More Toolbox Examples for Every AS/400 Programmer

Midrange Computing

Modular Coding Techniques

In programming, much of what is done is redundant, a fact that seasoned programmers who have been in the trenches for many years are well aware of. By the time a programmer has been on the job for more than a couple of years, he or she probably does more copying and adapting of code that already exists than writing new code from scratch. It is simply more efficient to leverage work that has already been done than to start from scratch every time. This technique of reusing and reapplying work that has already been done can lead to tremendous gains in productivity.

Another major benefit of reusing software components is reliability. Modular components are easier to test more thoroughly than full applications. Once tested and verified to work correctly, a component can be reused without being fully retested.

When thinking about designing code that can be used and reused throughout an application, one must maintain a balance between achieving modularity and maintaining acceptable performance levels.

Common Modular RPG Coding Techniques

The introduction of the Integrated Language Environment (ILE) for RPG empowered the language with the tools necessary for building reusable component-based software.

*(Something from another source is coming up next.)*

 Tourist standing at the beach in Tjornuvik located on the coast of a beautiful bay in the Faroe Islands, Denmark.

ILE allows you to call on services from external providers without suffering from the poor performance that plagues dynamic program calls. Prior to ILE, the ability to build component-based software relied strictly on dynamic program calls or methods of sharing source code.

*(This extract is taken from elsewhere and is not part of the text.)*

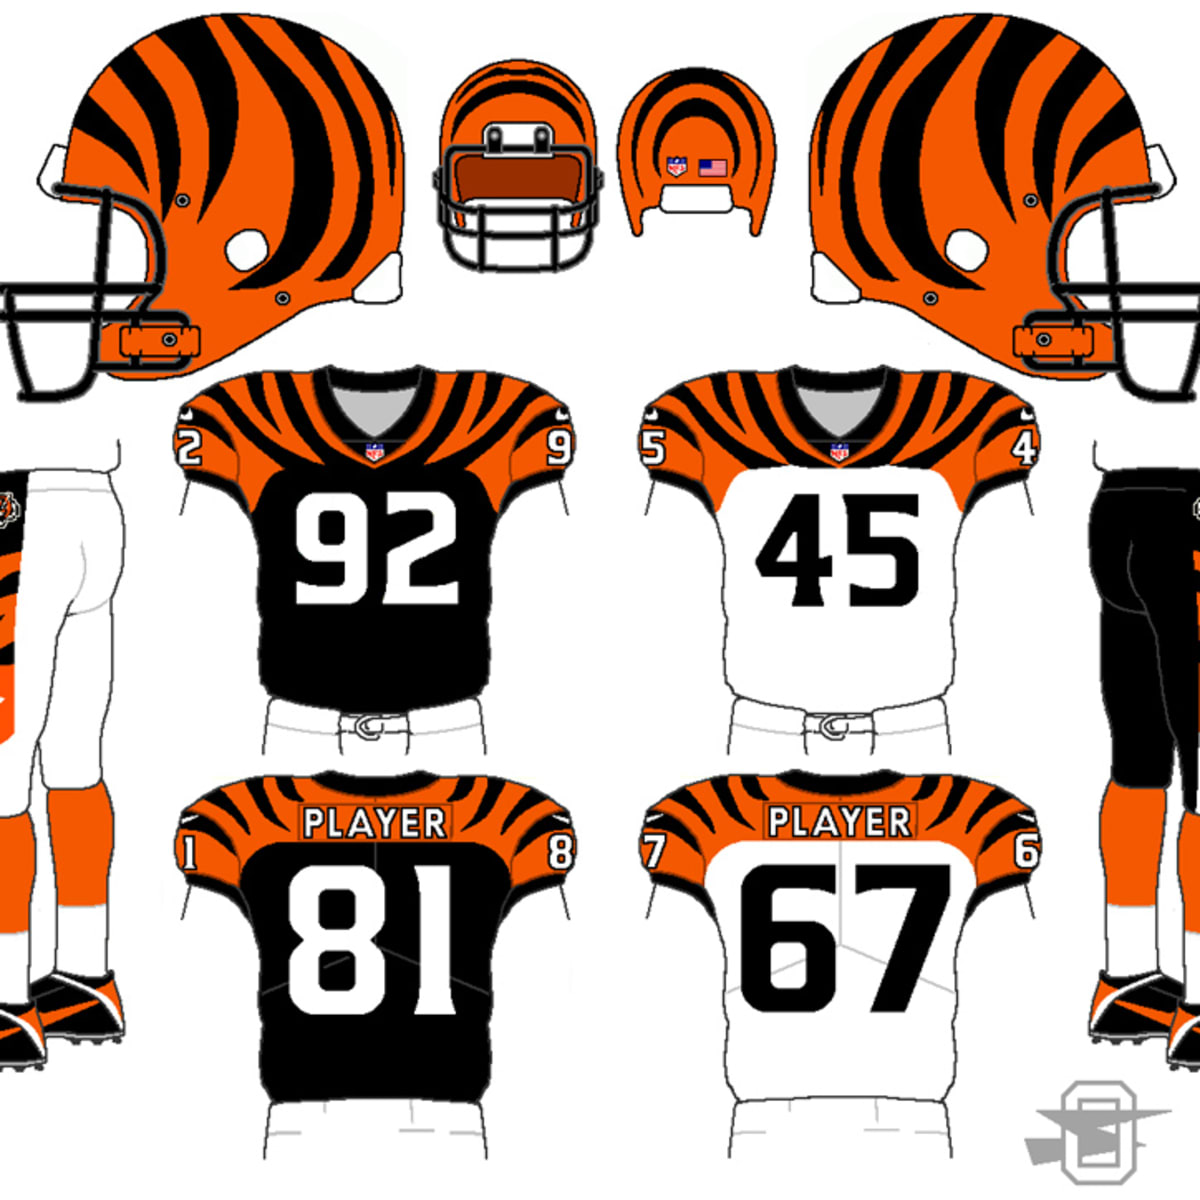 bengals jerseys through the years

This chapter presents examples based on a variety of modular or component-based design techniques. The following is a list of today's most commonly used techniques to reuse software in RPG on the AS/400:

* /Copy compiler directives

* Internal subroutines

* External subprograms

* ILE subprocedures

* ILE service programs

* * *

Example

Using the /COPY Compiler Directive

This example employs the /COPY compiler directive to copy source code from a central repository, often called a copybook, into a desired program. This technique of reusing source code is one of the oldest available to AS/400 programmers. While this technique has become outdated for many applications, copybooks remain an effective tool for storing ILE Procedure Interface definitions. The example takes a common generic programming task, determining the day of week for a given date, and deposits the code into a copybook, where it can be used by multiple programmers in multiple programs.

What the Example Does

The example consists of three source members. Members MOD002R and MOD003R contain copybook source that determines the day of week for a given date. Member MOD001R employs the copybooks using the /COPY directive. The mainline program logic in MOD001R accepts a date as an input parameter, then uses the copied source to determine the date's day of week. The resulting day is displayed for viewing. Listing 1.1 shows the mainline program MOD001R, while Listings 1.2 and 1.3 show the copybook source members.

How the Example Works

RPG provides a number of directives that perform specific functions when the program source compiles. As its name implies, the /COPY compiler directive allows you to instruct the RPG compiler to copy in source member records from a different member before compilation.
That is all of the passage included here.